• **Problem**
Omit all pictures. Copy exactly the lines from the line containing "An original boxed" to the end of the listing, with both ends included.

• **Data segment**
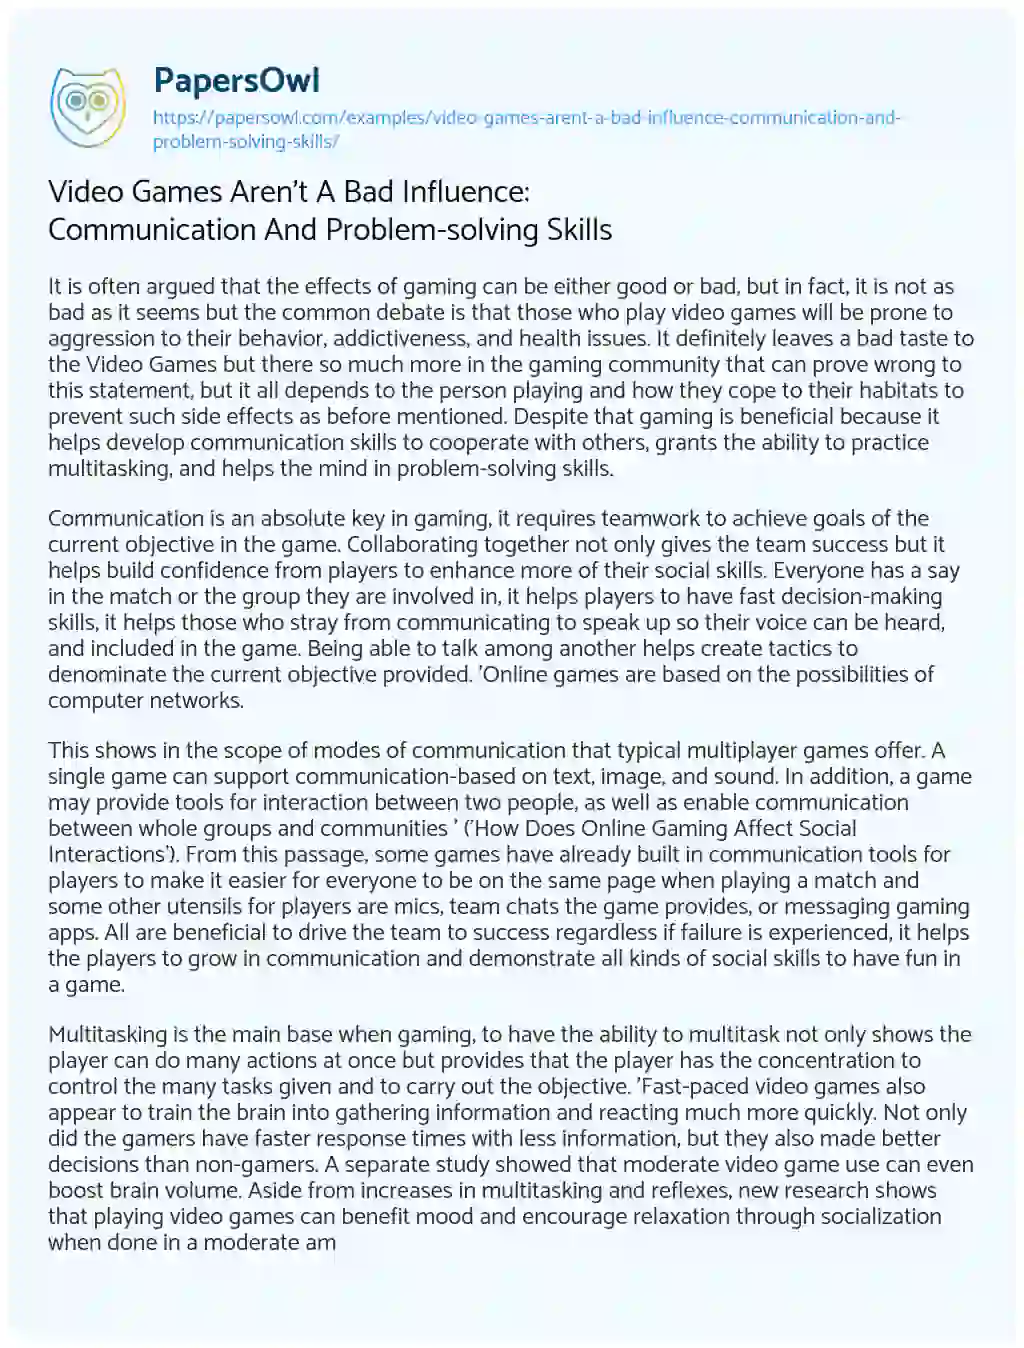 Essay on Video Games aren’t a Bad Influence: Communication And Problem-solving Skills
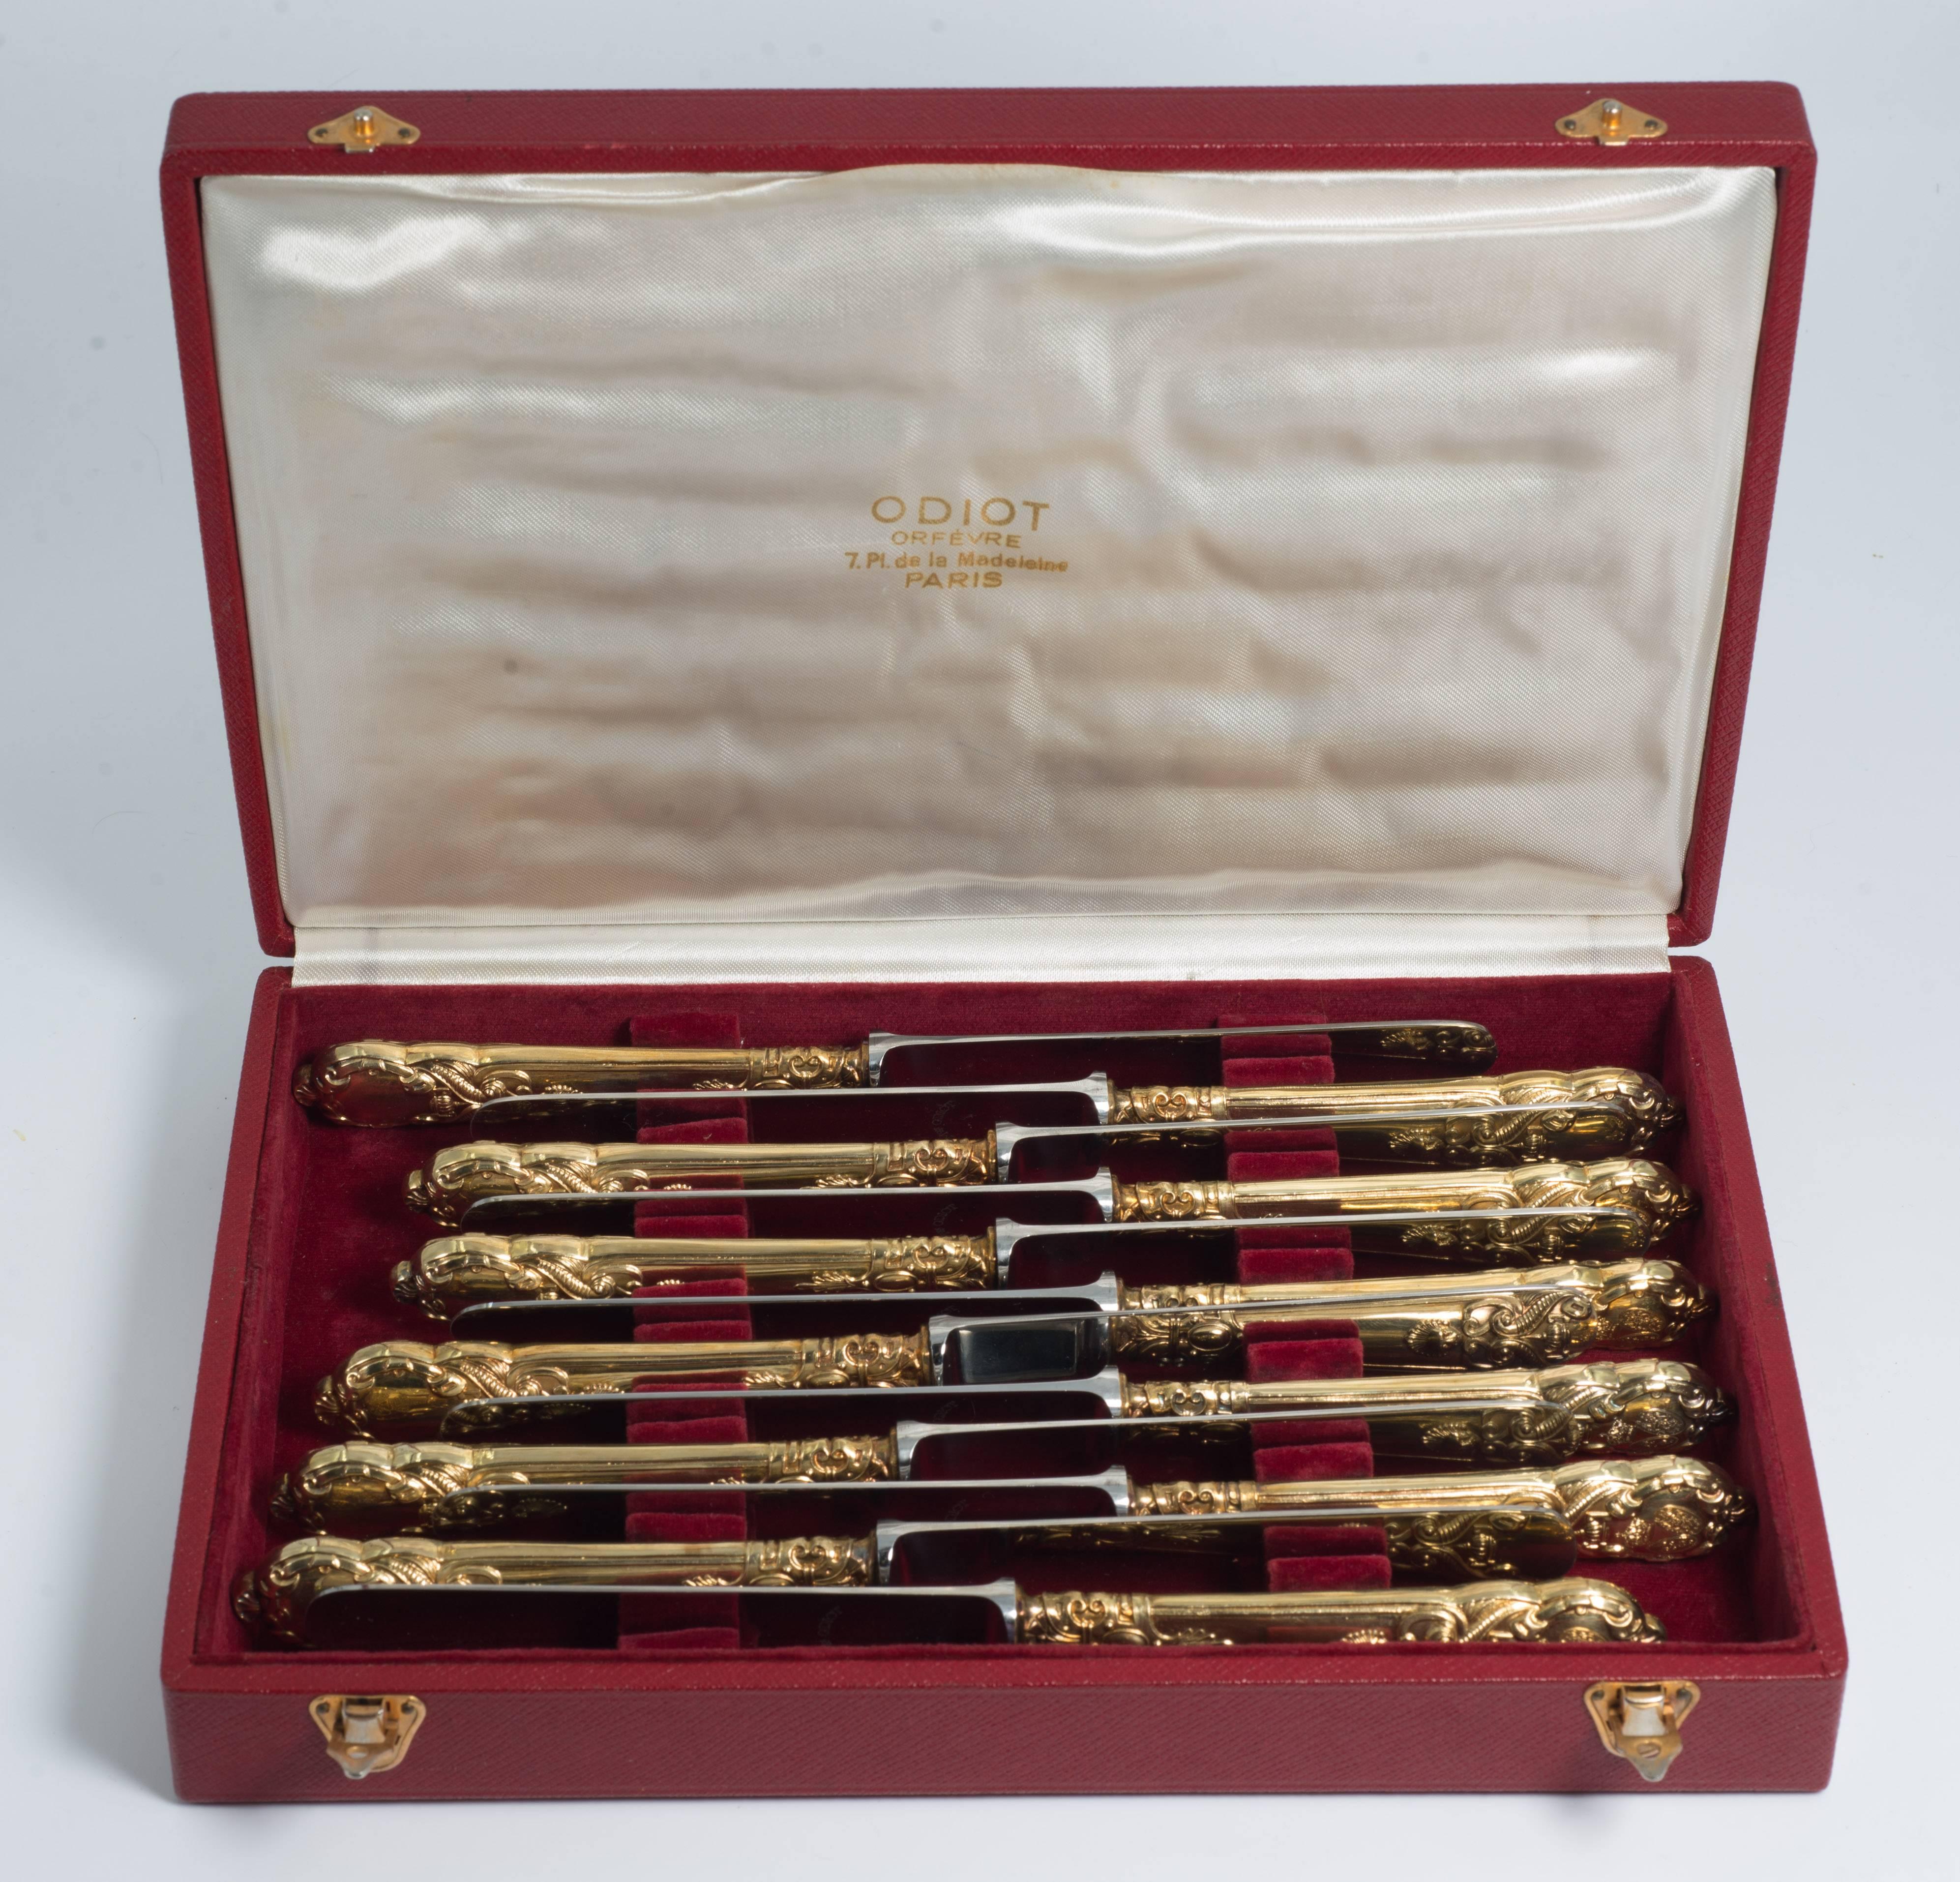 An original boxed presentation set 12 antique Odiot Paris Royal House of Orange and Bourbon armorial engraved gilt presentation knives.
The 12 knife handles are engraved with the coat-of-arms of the House of Orange-Nassau and the  House of

• **Answer space**
 An original boxed presentation set 12 antique Odiot Paris Royal House of Orange and Bourbon armorial engraved gilt presentation knives.
The 12 knife handles are engraved with the coat-of-arms of the House of Orange-Nassau and the  House of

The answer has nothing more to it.